^@ AP ^@ and ^@ BP ^@ are the two tangents at the extremities of chord ^@ AB ^@ of a circle. Prove that ^@ \angle MAP ^@ is equal to ^@ \angle MBP ^@.
Answer:
- Given:
^@ AB ^@ is a chord of the circle with center ^@O^@.
Tangents at the extremities of the chord ^@AB ^@ meet at an external point ^@P^@.

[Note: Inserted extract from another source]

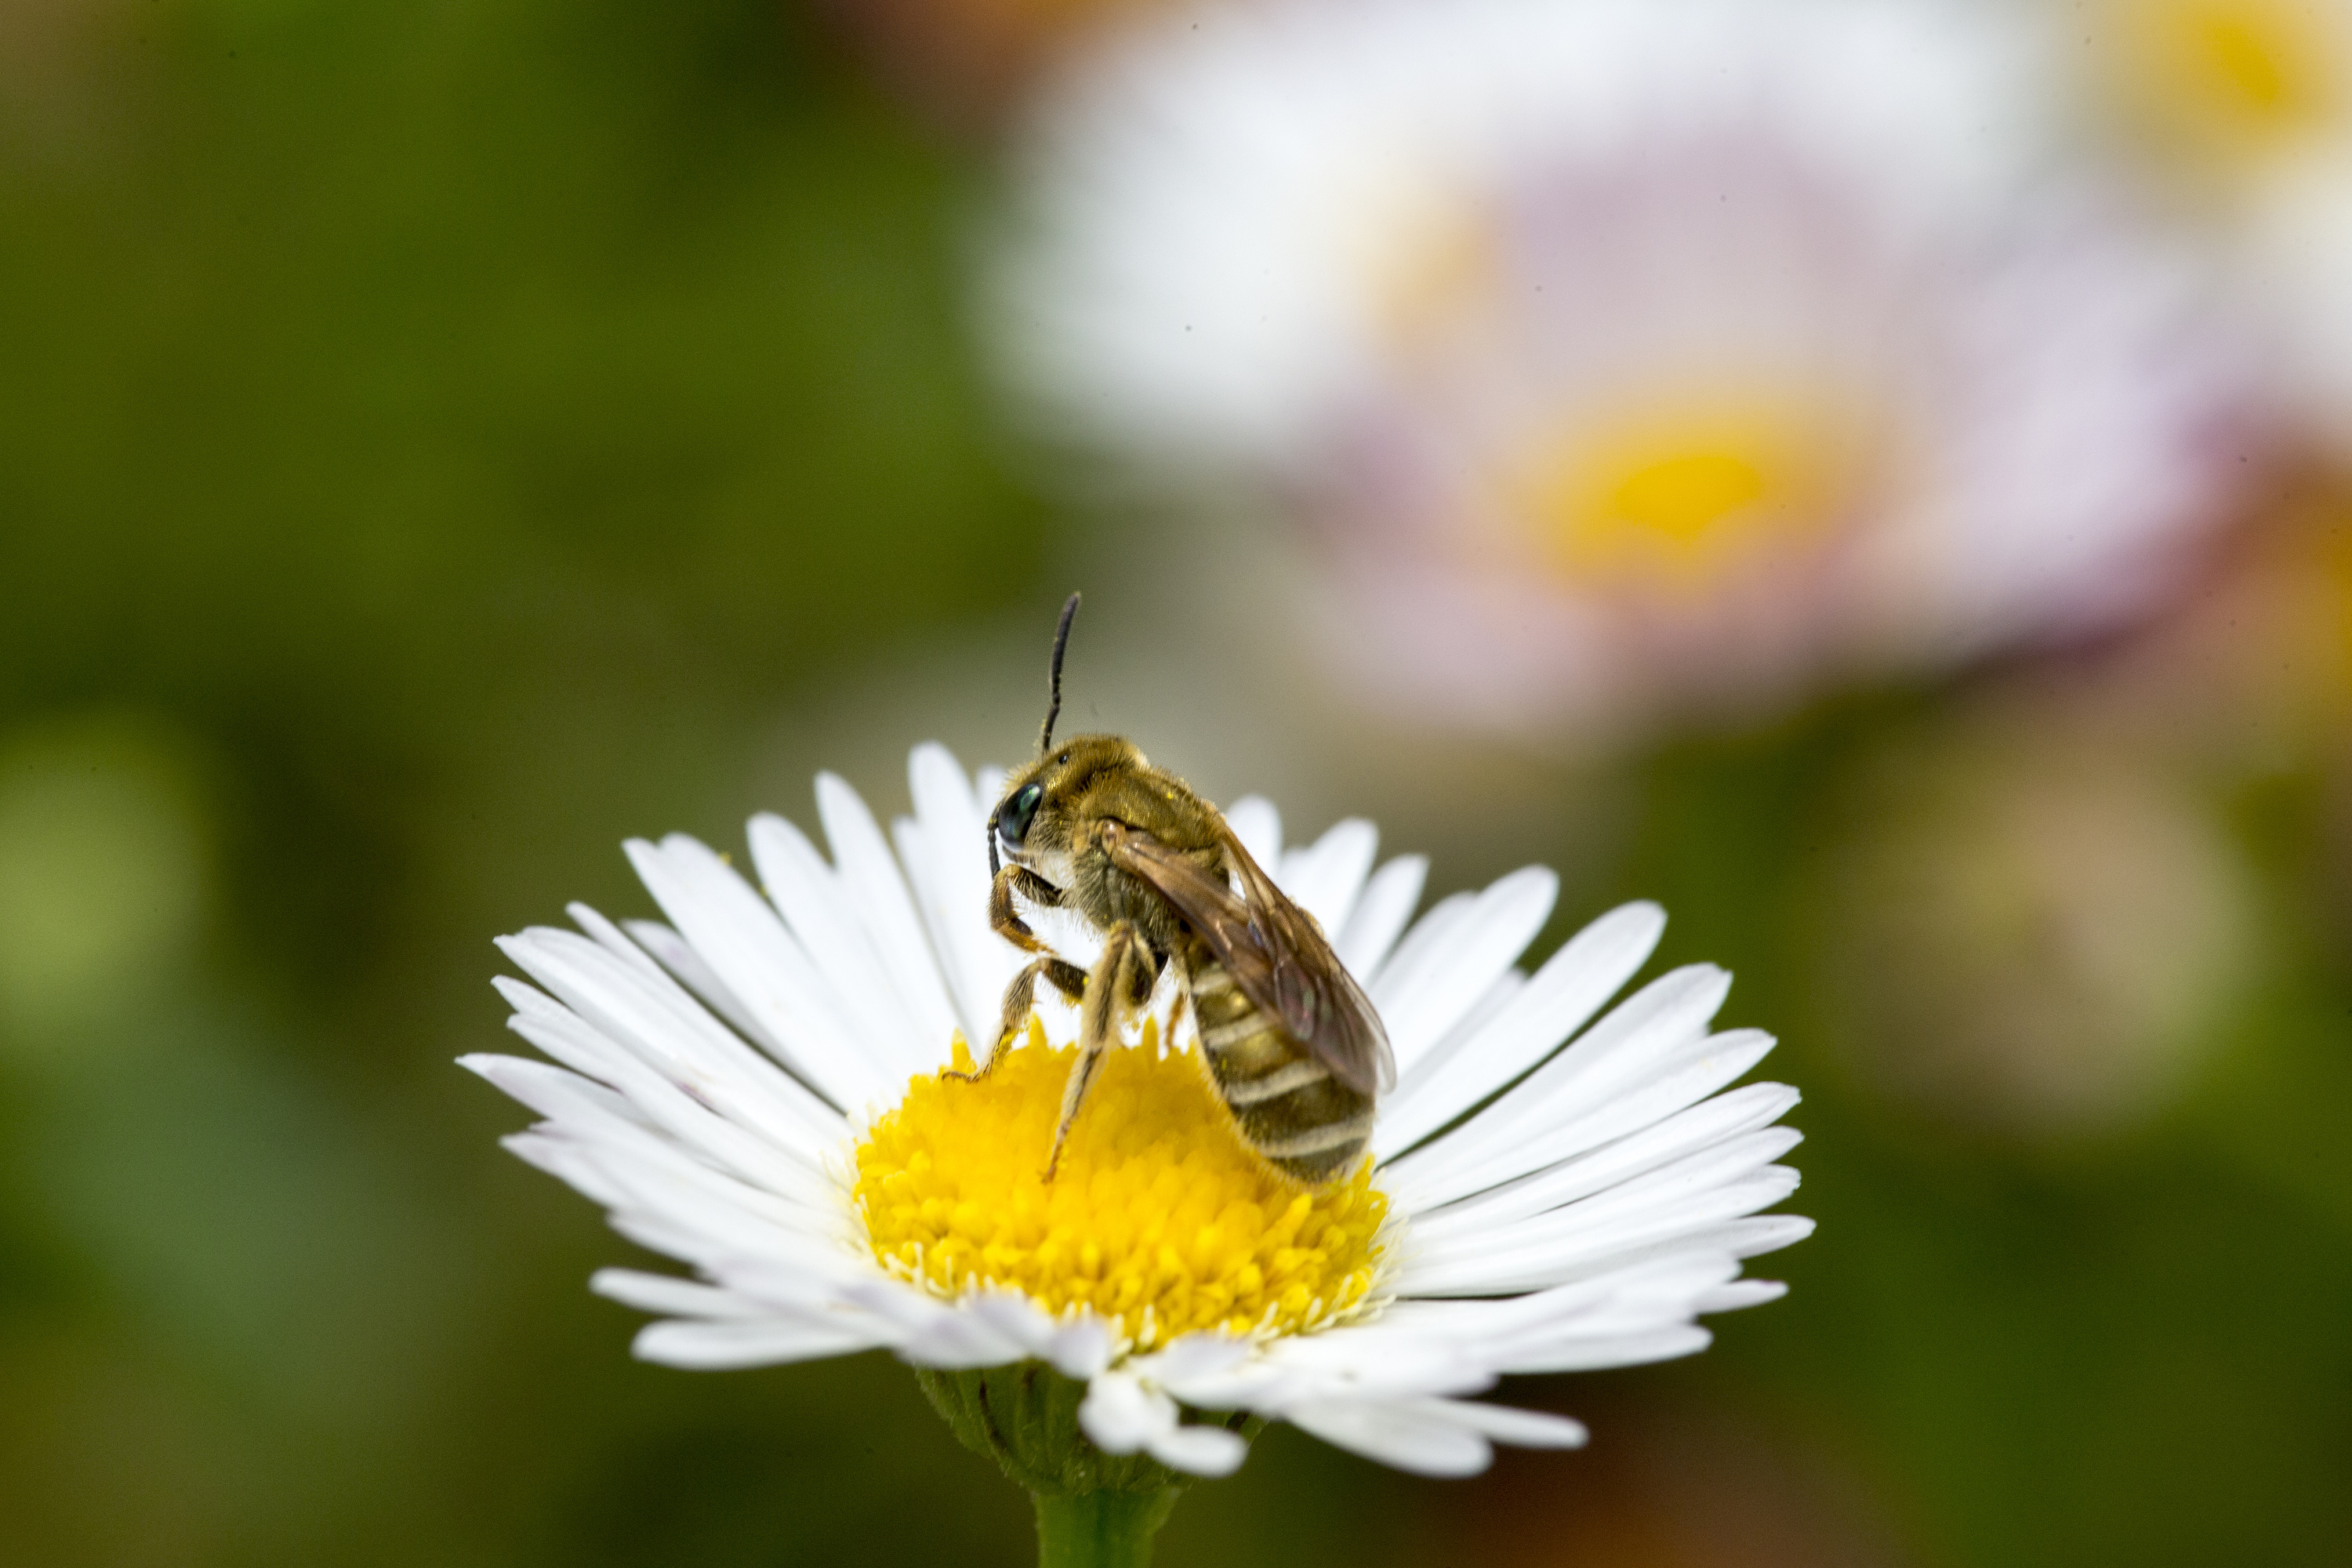 Global Action on Pollination Services

Chord ^@AB^@ intersects the line segment ^@OP^@ at ^@M^@. - Now, we have to find the measure of ^@ \angle MAP.^@
In ^@ \triangle MAP ^@ and ^@ \triangle MBP, ^@ we have @^ \begin{aligned} & PA = PB && \text{[Tangents from an external point on a circle are equal in length]} \space \space\\ & MP = MP && \text{[Common]} \\ & \angle MPA = \angle MPB && \text { [Tangents from an external point are equally inclined to } \space \\ & && \text { the line segment joining the point to the center.] } \\ \implies & \triangle MAP \cong \triangle MBP && \text{ [by SAS Congruency Criterion] } \end{aligned} @^ - We know that corresponding parts of congruent triangles are equal.
Thus, ^@ \angle MAP = \angle MBP ^@.